“Thando, hurry up or we’ll be late for class,” Zinhle told her friend who came running from the toilets. “I can’t believe I waited for you. Now we’ll both be late and I’m supposed to set a good example.”

Thando just laughed. “Hey chommie, who was that you were talking to?”

“Just some new boy,” Zinhle whispered. As they entered the class Mr Dlamini stopped talking. He gave them a look that said, ‘I’m watching you’ then turned his back to them and wrote something on the board.

The girls sat down at their desks.

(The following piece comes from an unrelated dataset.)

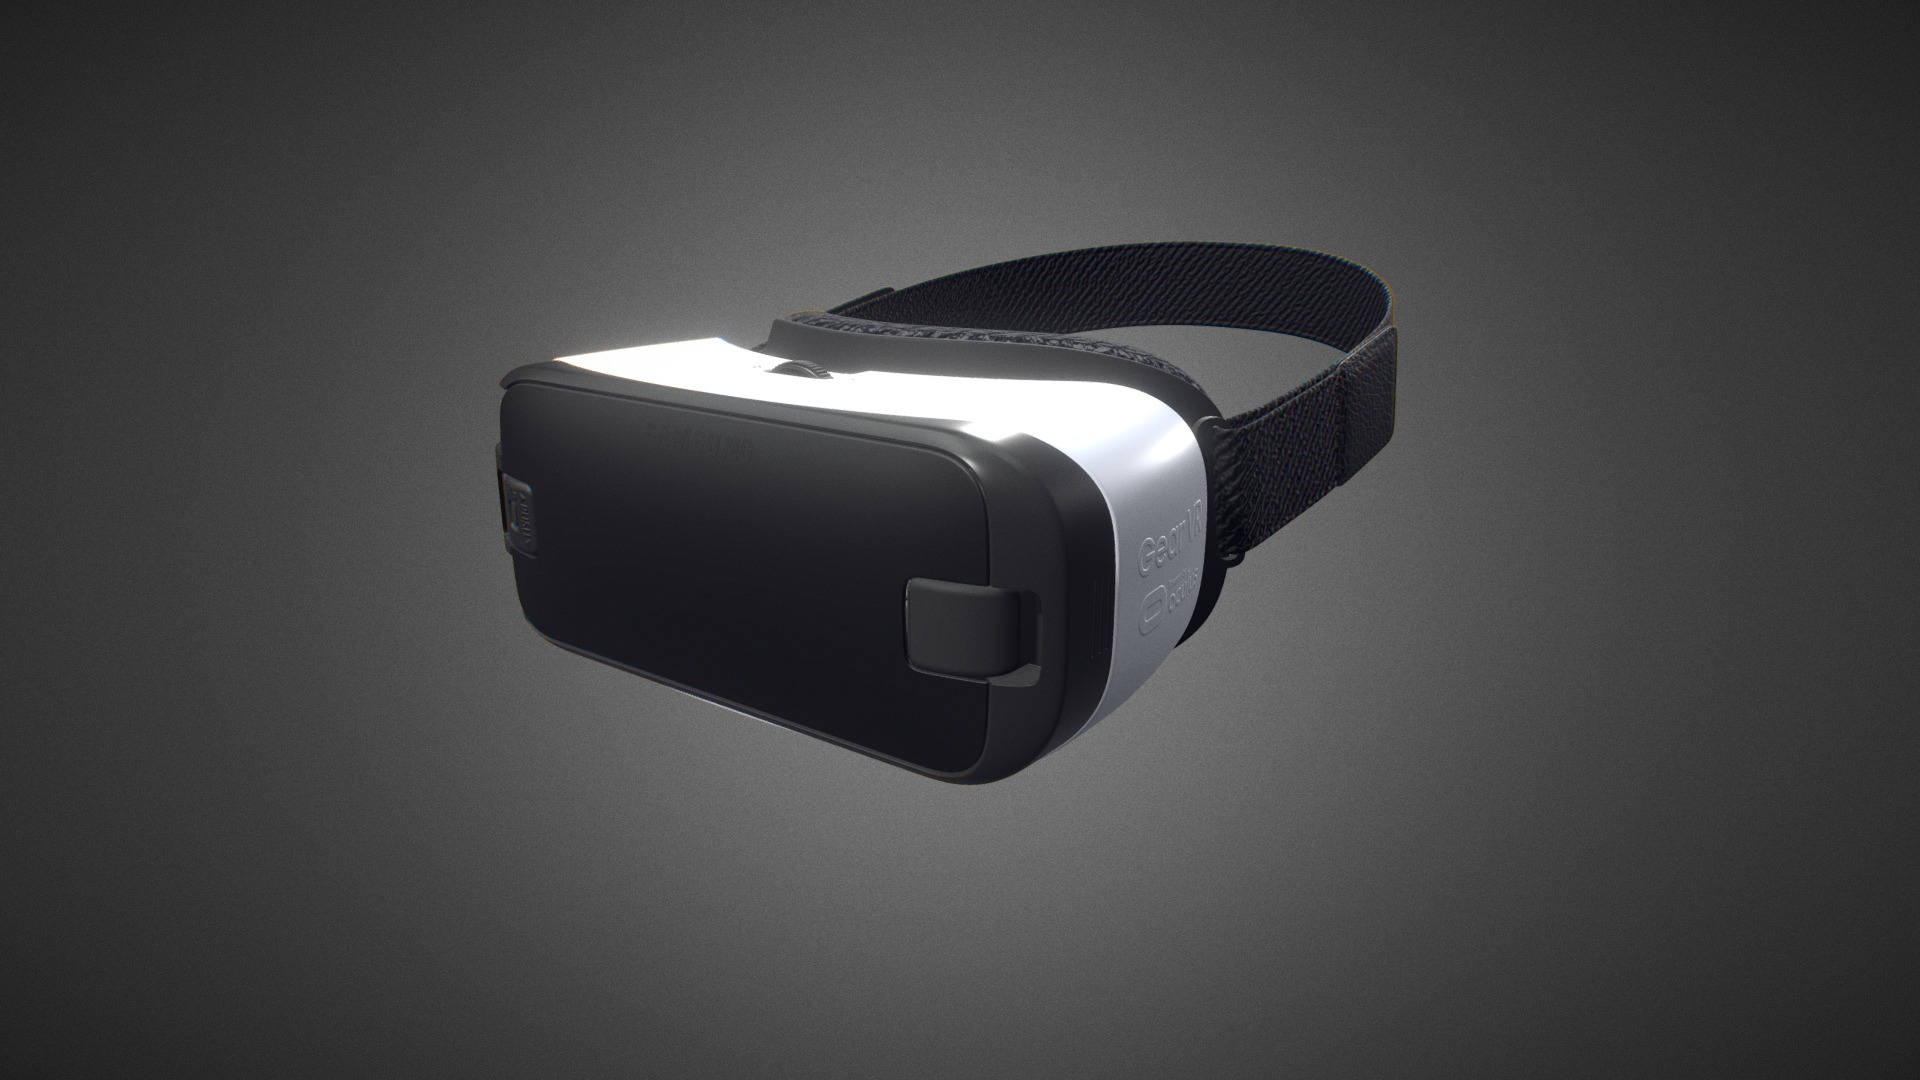 3D model Samsung Gear VR 2016 for Element 3D - This is a 3D model of the Samsung Gear VR 2016 for Element 3D. The 3D model is about a black and silver electronic device.

As Zinhle turned to hang her bag on her chair, she looked up to see Sam staring at her from the desk next to the window. She felt the blood rush to her face and was surprised at how embarrassed and confused she felt.

Then Mr Dlamini turned to face them and cleared his throat. “Class, now that we are all present,” he said, glaring at Thando and Zinhle, “I would like to introduce a new student at Vulamasango High. This is Samuel Khoza. I know he is starting late so please assist him with his work.” Mr Dlamini smiled at Sam and the whole class turned to look at him.

“Don’t worry, Meneer. He is in good hands,” Xolani shouted from the back of the class.

“I wouldn’t wanna know where those hands have been,” Thando said, just loud enough for Xolani, who was sitting next to her, to hear.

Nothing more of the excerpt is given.